If there is no “sel_track” or “sel_env” then we wanna abort our mission immediately. We return from our function immediately, and no further code will be processed.

Ideally we’d encapsulate this all in a class (using metatables) and pass values (and a few closures) around via functions while relying on no globals, but that would add complexity for zero benefit in this simple case. I also don’t want to make this tutorial too long :)

As your scripts become complex, you’ll google for solutions and find out about better practices, new functionality and see some fun arguments about how things should be done.

Beginner Tutorial Part 3 - Making a GUI

Our code works if you run it and you have a track and an envelope selected. However, there is no way for the user to set the length of time that they want that automation items to be.

So let’s create a GUI that allows the user to select a track, select an envelope, set the length of the automation item and then do the process when they are ready.

GUI Builder

Lokasenna's GUI Builder
Lokasenna's GUI Builder

The first thing you need to do is to go to ReaPack->Browse Packages. Install the following packages:

  • Lokasenna’s GUI library v2 for Lua
  • Lokasenna’s GUI library v2 for Lua (developer tools)

Now go to the actions list using ? (shift-/).
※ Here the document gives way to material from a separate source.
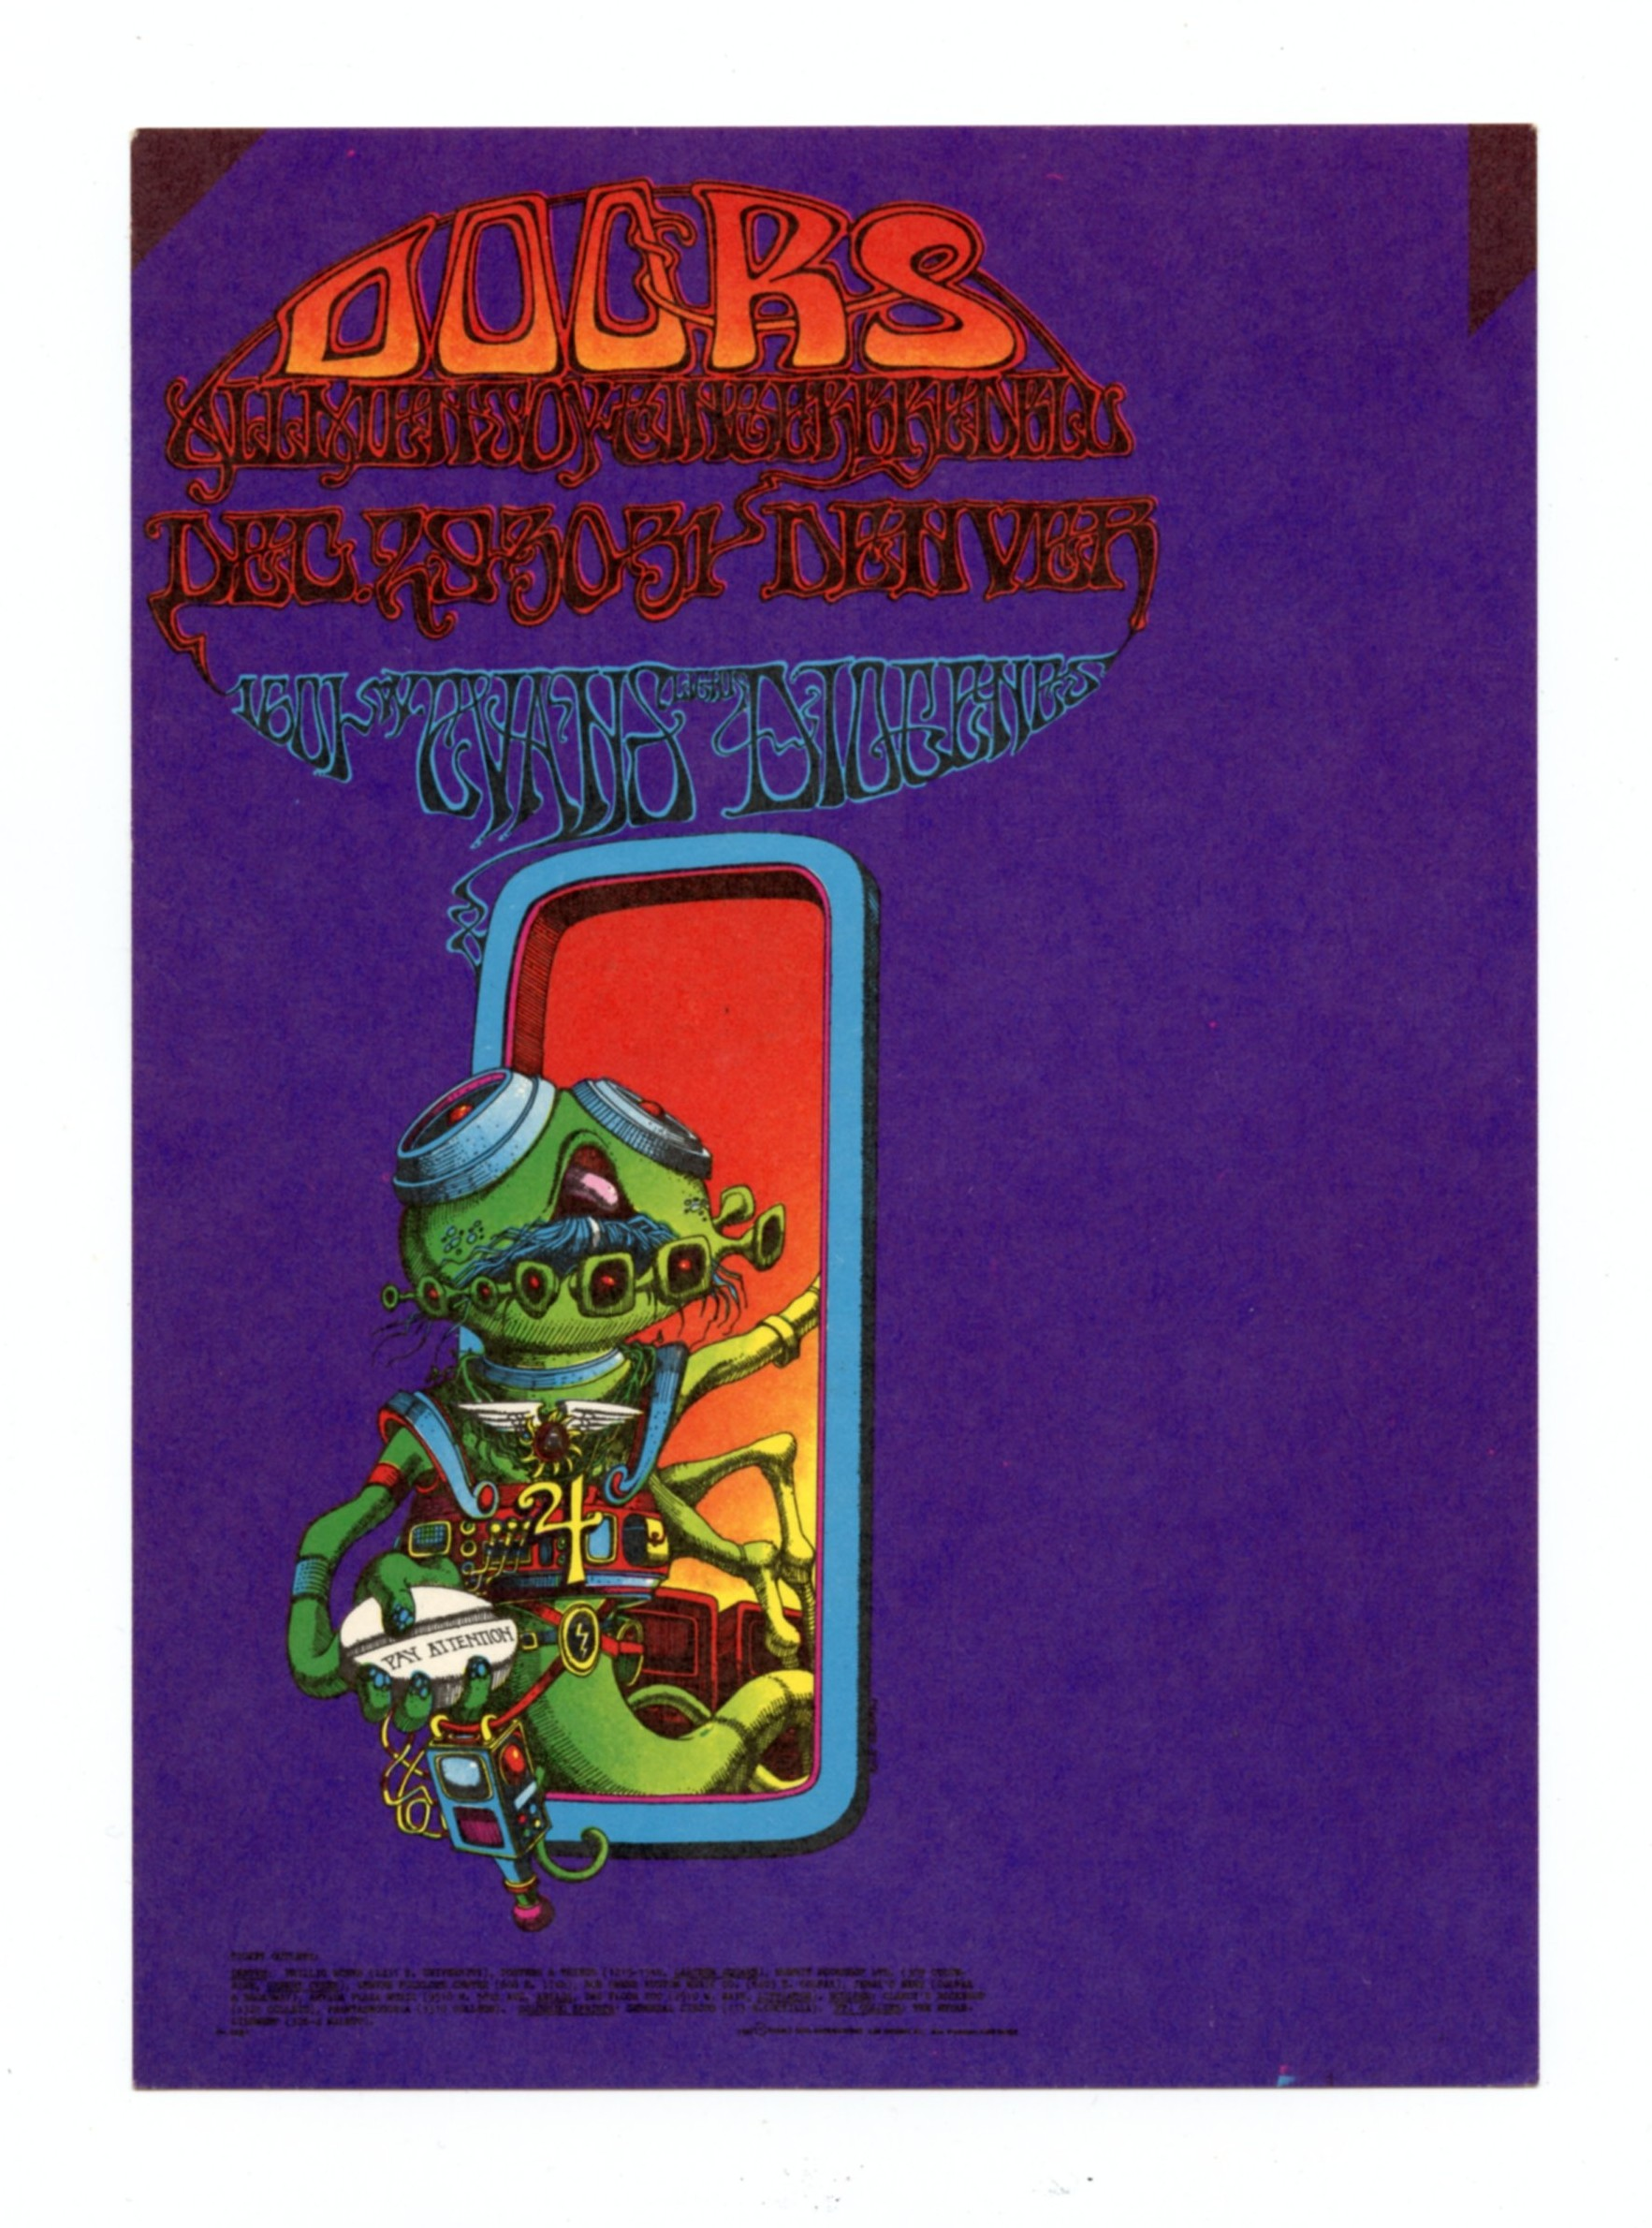 FDD 18 Postcard The Doors 1967 Dec 29

Select “Script: Set Lokasenna_GUI v2 library path.lua” and hit run.

Now select “Script: Lokasenna_GUI Builder.lua”. Hit Run.

Right click in the middle of the window that pops up, this is where you can add new GUI elements to the screen.

To move a GUI widget or select a GUI widget for editing you need to hold shift and click it.

Build the GUI

My GUI Attempt
My GUI Attempt

Build something like the GUI that you see above.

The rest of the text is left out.